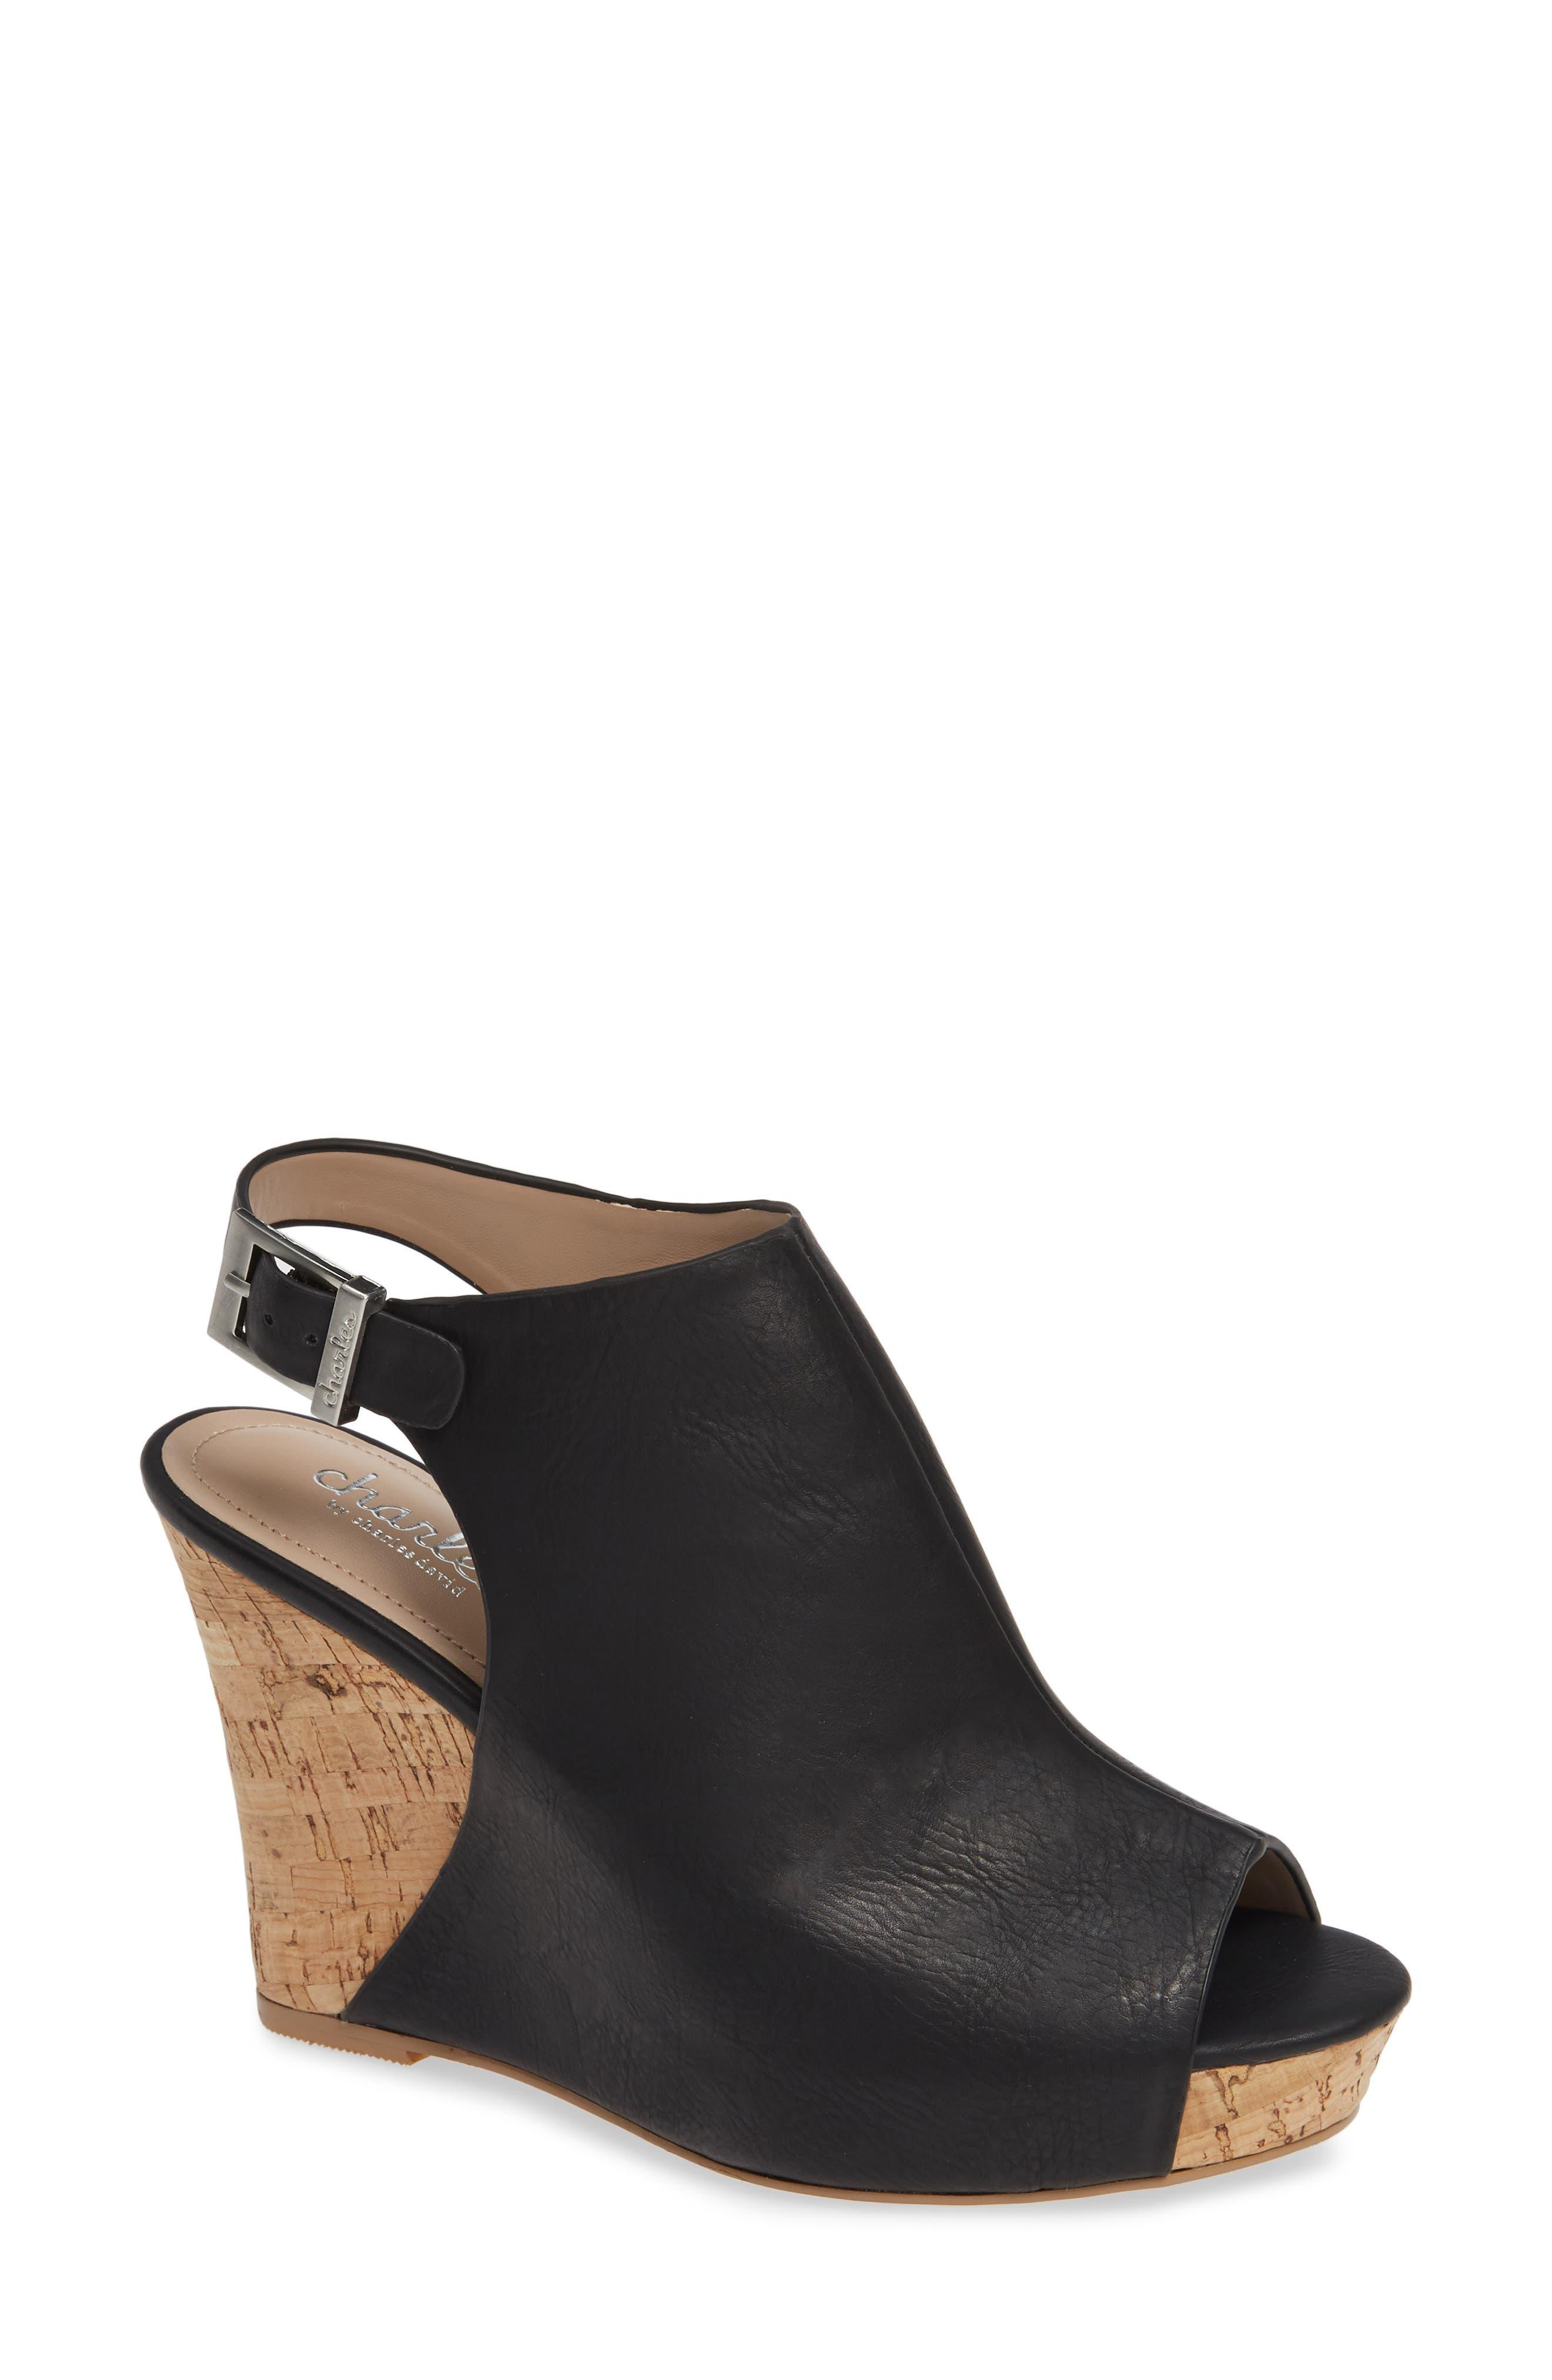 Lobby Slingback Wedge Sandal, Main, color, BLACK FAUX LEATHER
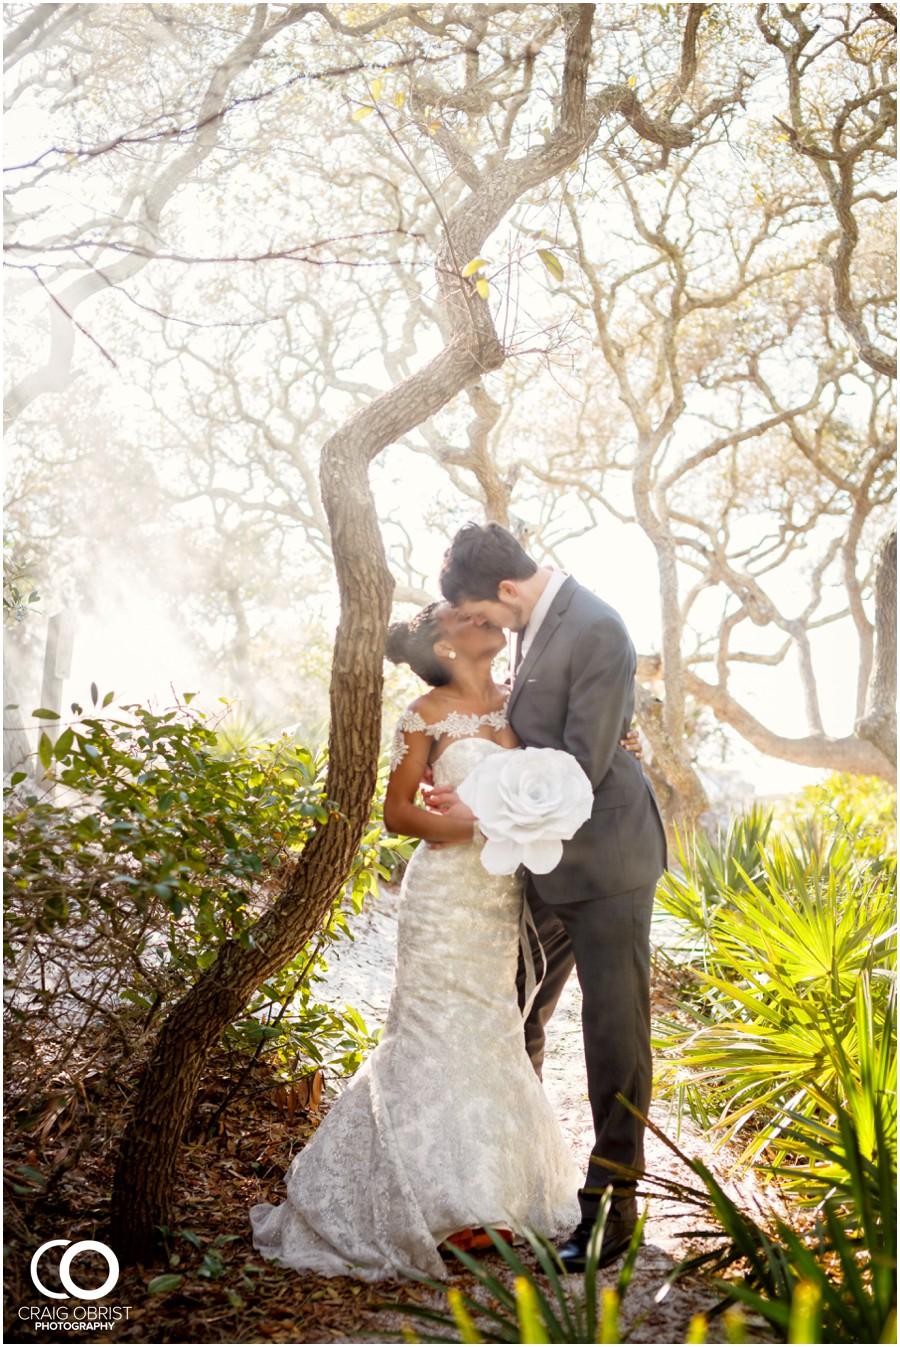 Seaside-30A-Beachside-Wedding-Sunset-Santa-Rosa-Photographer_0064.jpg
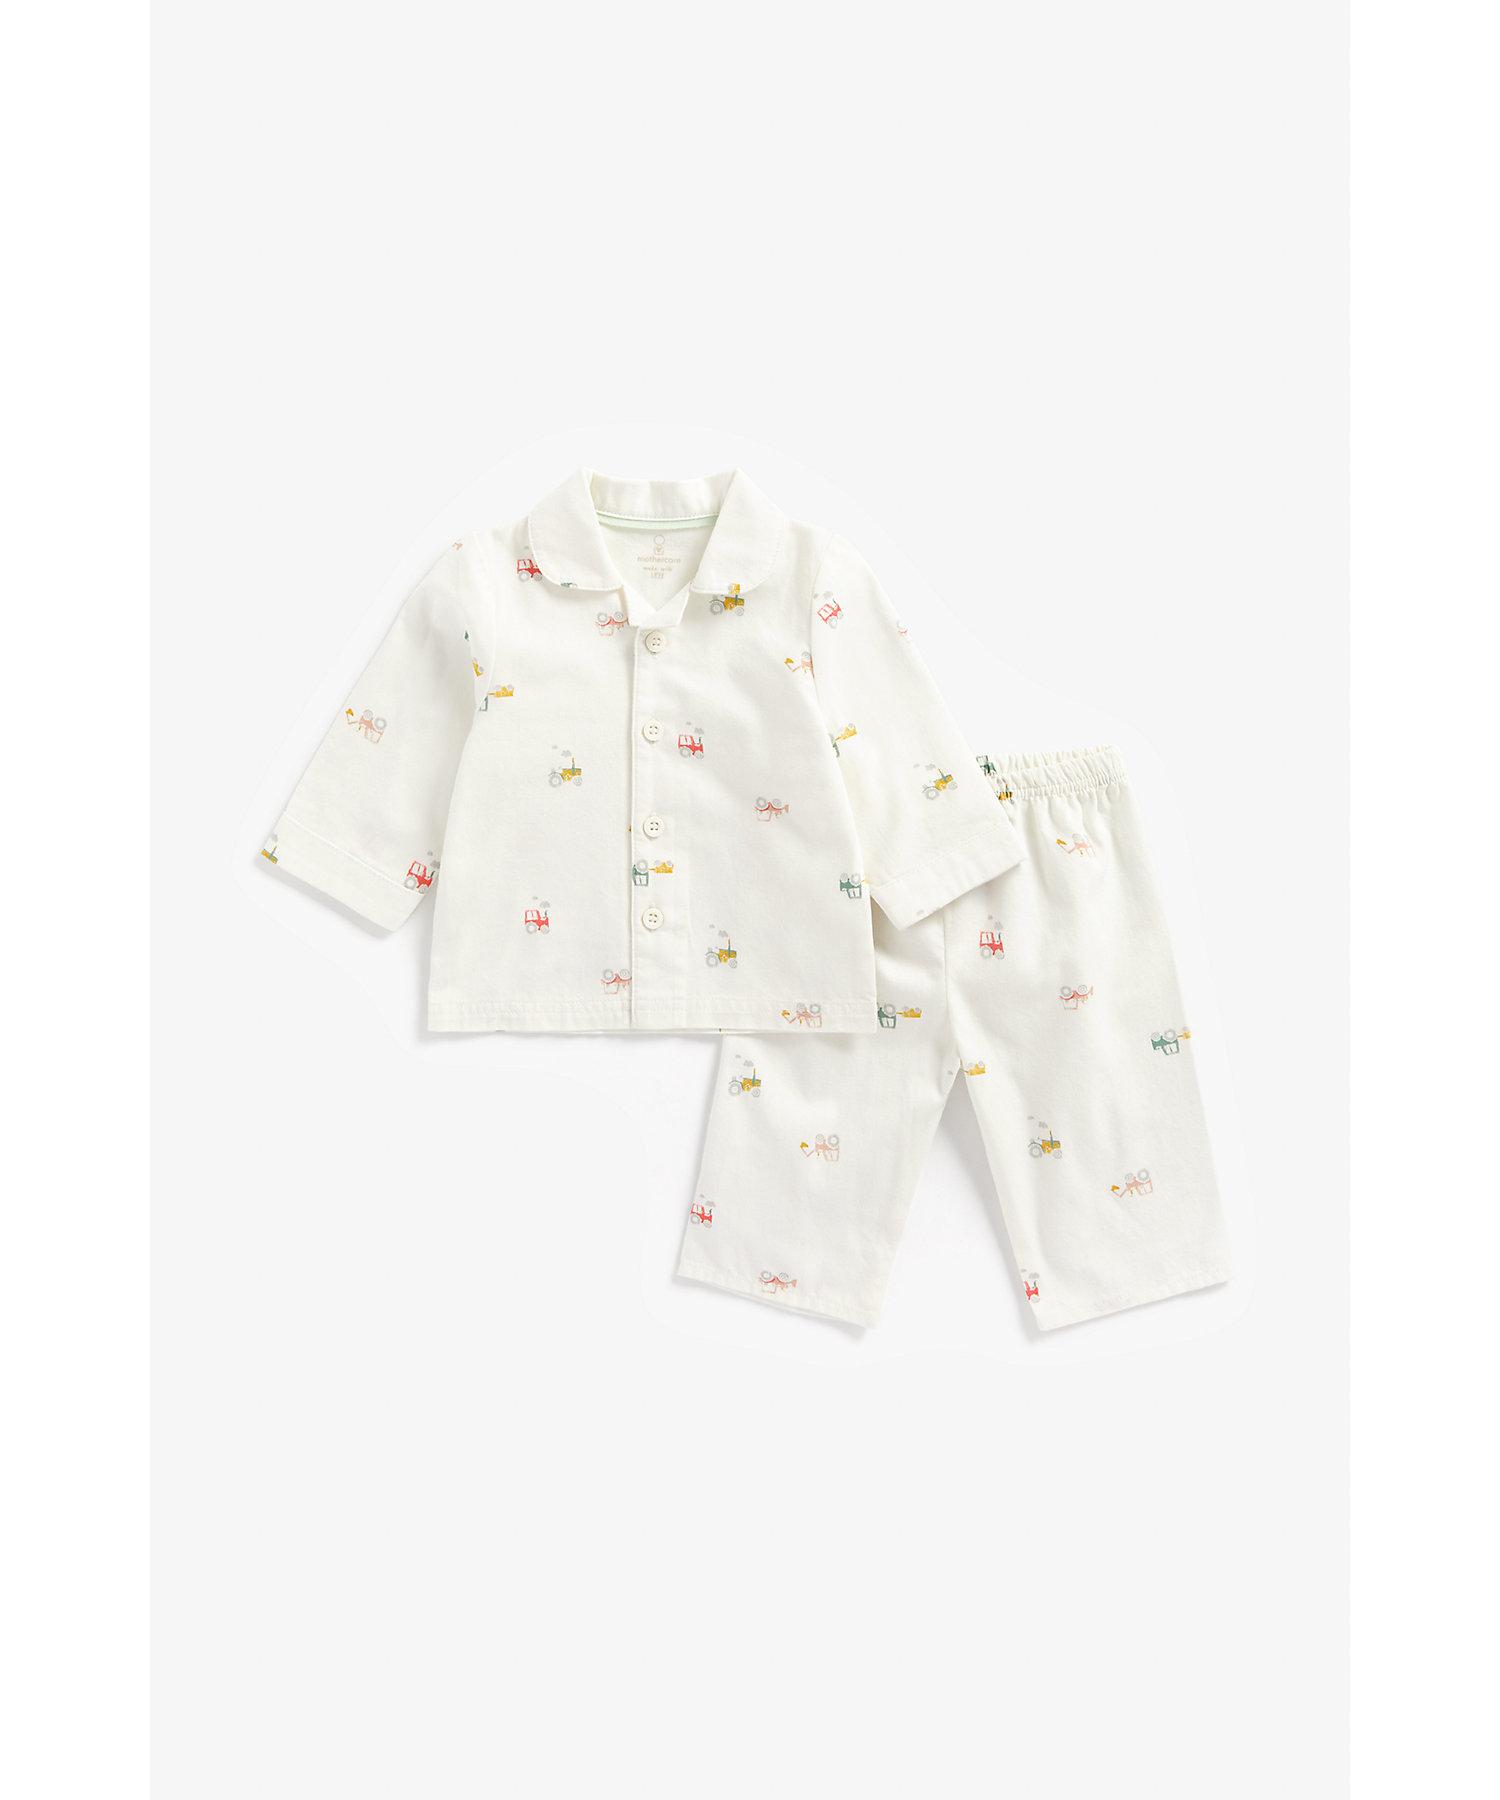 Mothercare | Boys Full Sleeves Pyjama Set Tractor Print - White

WORK REQUIRED:
Please return all of the material above exactly, minus any pictures.

SOLVED PROBLEM:
 Lobby Slingback Wedge Sandal, Main, color, BLACK FAUX LEATHER
 Seaside-30A-Beachside-Wedding-Sunset-Santa-Rosa-Photographer_0064.jpg
 Mothercare | Boys Full Sleeves Pyjama Set Tractor Print - White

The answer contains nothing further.